5 More Strange Things About Denmark

6. Let Happiness Reign

Feeling down? Then make Denmark your next travel destination as the UN’s World Happiness Report 2016 ranks it as the happiest country in the world (while the USA came in at number 17). The European nation has been topping the happiness chart since 2013, and though there are many instances of depression during the gray winter months, overall the quality of life Danes enjoy has allowed them to hold this title year after year (this despite the fact that they have some of the highest taxes in the world). Maybe if you’re there, some of the bliss will rub off on you.

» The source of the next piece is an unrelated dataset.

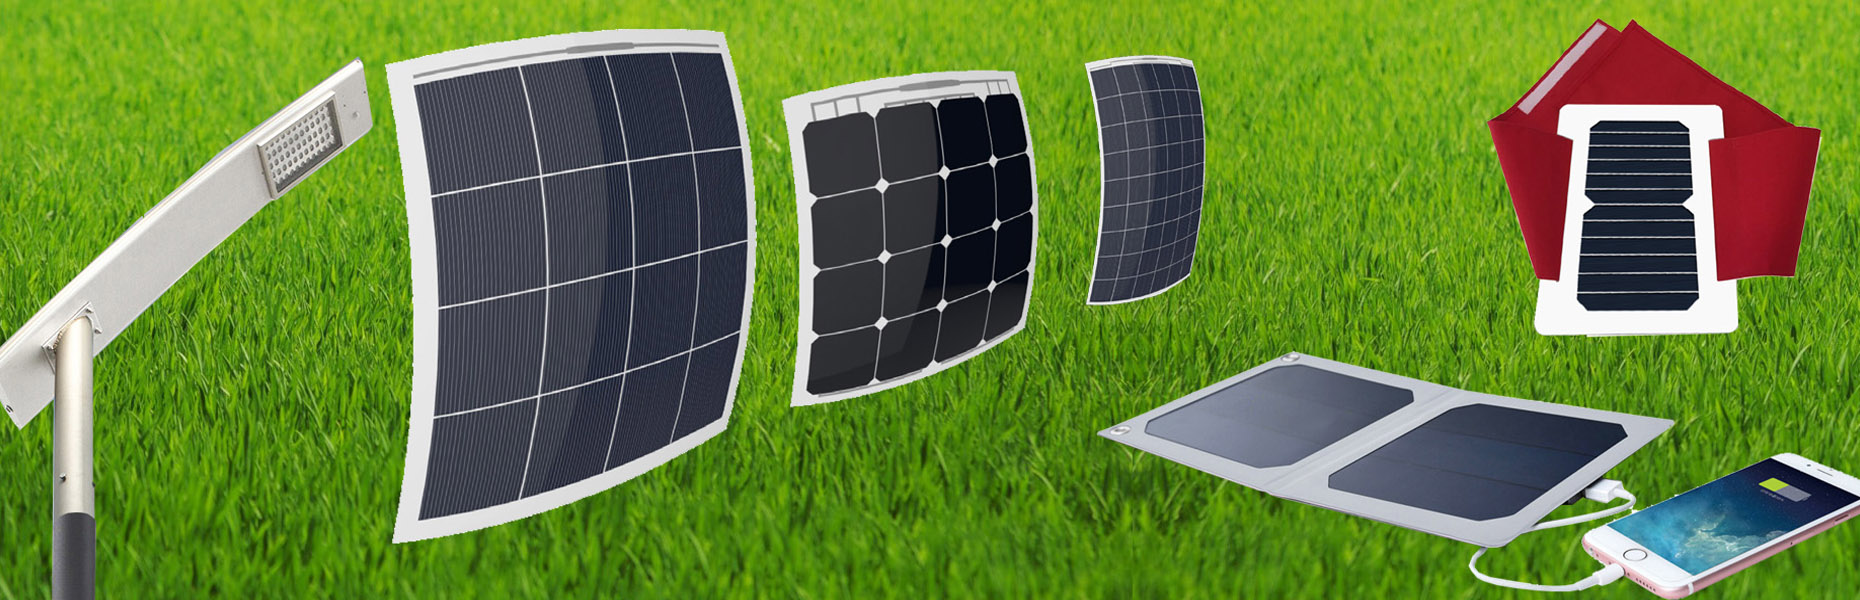 Solar_Panels_and_Accessories_dubai_uae
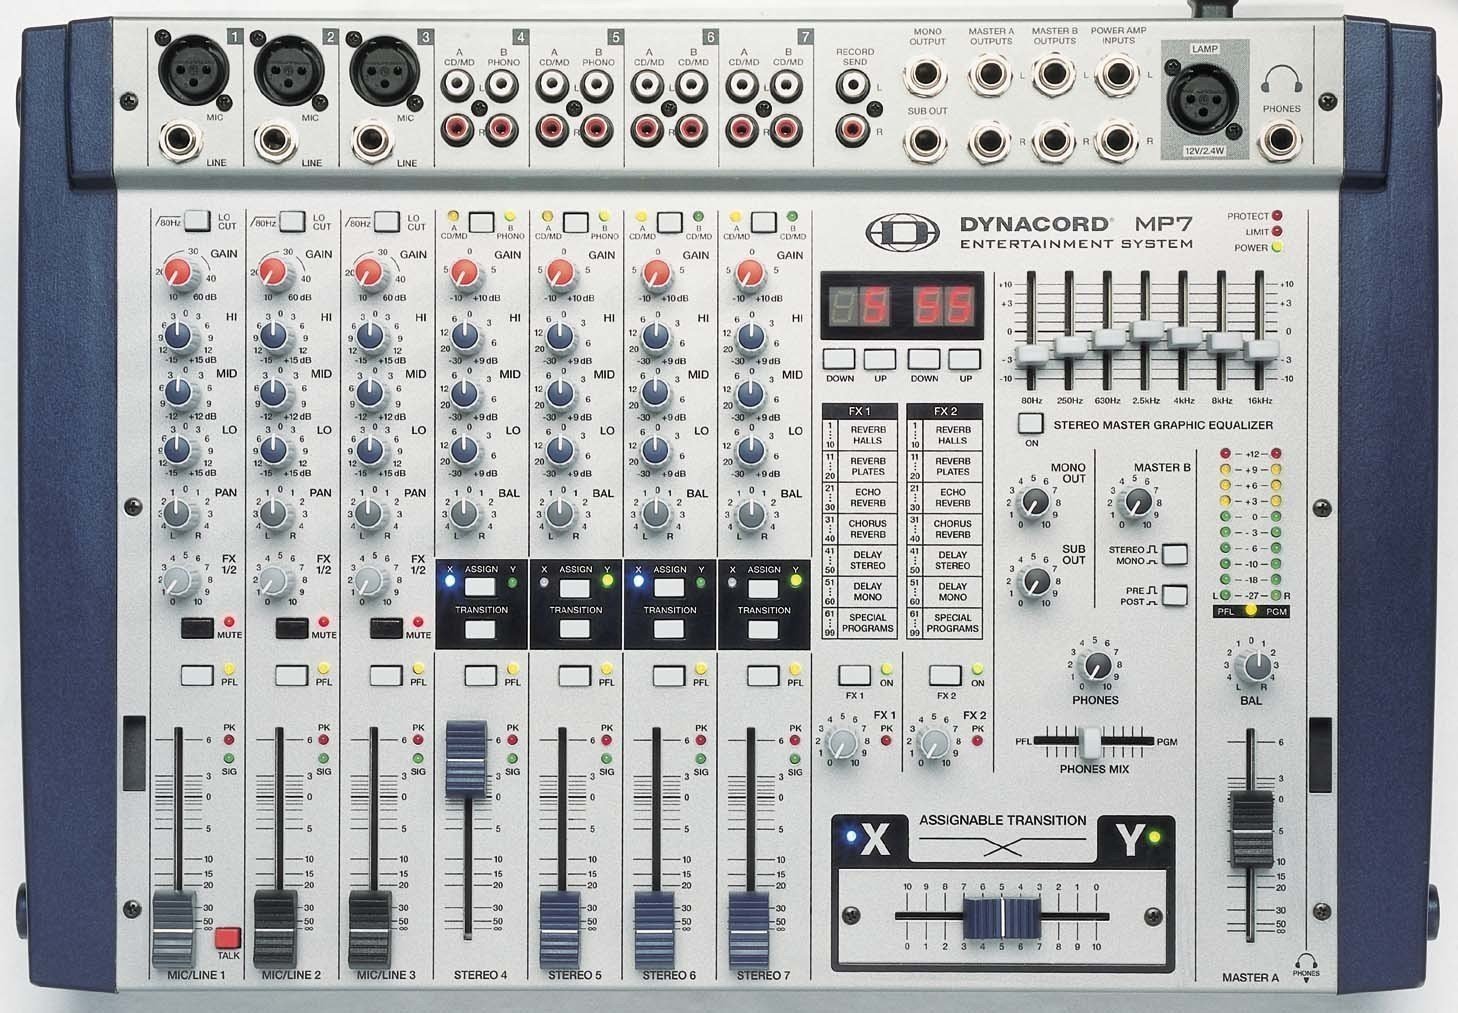 Tables de mixage amplifiée Dynacord MP7 Entertainment system

7. FYI, Porn is Legal and Widely Available Here

Maybe this is why they’re so damn happy? The Danes are a little more relaxed when it comes to sexually explicit images than some other countries. In 1969, Denmark became the world’s first country to legalize pornography. You can purchase it in just about every neighborhood convenience store or gas station, and there’s a TV station that freely broadcasts hardcore material with no barriers to access it. They do have some basic guidelines, however. Pornographic magazines must be displayed out of eyesight of children, and may not be sold to those under 15 years of age.

8. Family Trumps Food

If you want to throw a party in Denmark, expect to spend a pretty penny. Hosts can spend up to six months’ salary on one formal celebration and that covers rent, drinks, food, and entertainment (especially for “round” birthdays like 30, 40 or 50). They love to eat and drink socially and tend to prefer traditional meals like smørrebrød when they do. The interesting thing is that is that spending time with friends and family outshines what’s being consumed. That being said, New Nordic Cuisine has become a globally respected culinary trend, and the Copenhagen restaurant Noma was voted Best Restaurant in the World in four different years.

9. Hiding In Plain Sight

Flashy cars, diamonds that can be seen from outer space, and other gaudy shows of affluence have no place in Danish culture. High social position and wealth, while recognized by individuals of a similar economic position, are usually understated otherwise. This is because of the “Jante Law”—a code of morality formulated by author Aksel Sandemose in his 1933 novel A Refugee Crosses His Tracks. It emphasizes that an individual shouldn’t display material or other portrayals of superiority, and boasting in public should be avoided. So that guy in the black jeans, scuffed boots, and grey sweatshirt could be a multi-millionaire and you’d never know, unless you know.

10. This Might Drive You Batty

Creeped out by a bat in the house? They’re protected by law, so don’t dare whack it with a broom. You cannot harm or kill a flagermus. One Danish family had to vacate their house for a year because they could not get rid of these flying rats and just couldn’t take it anymore.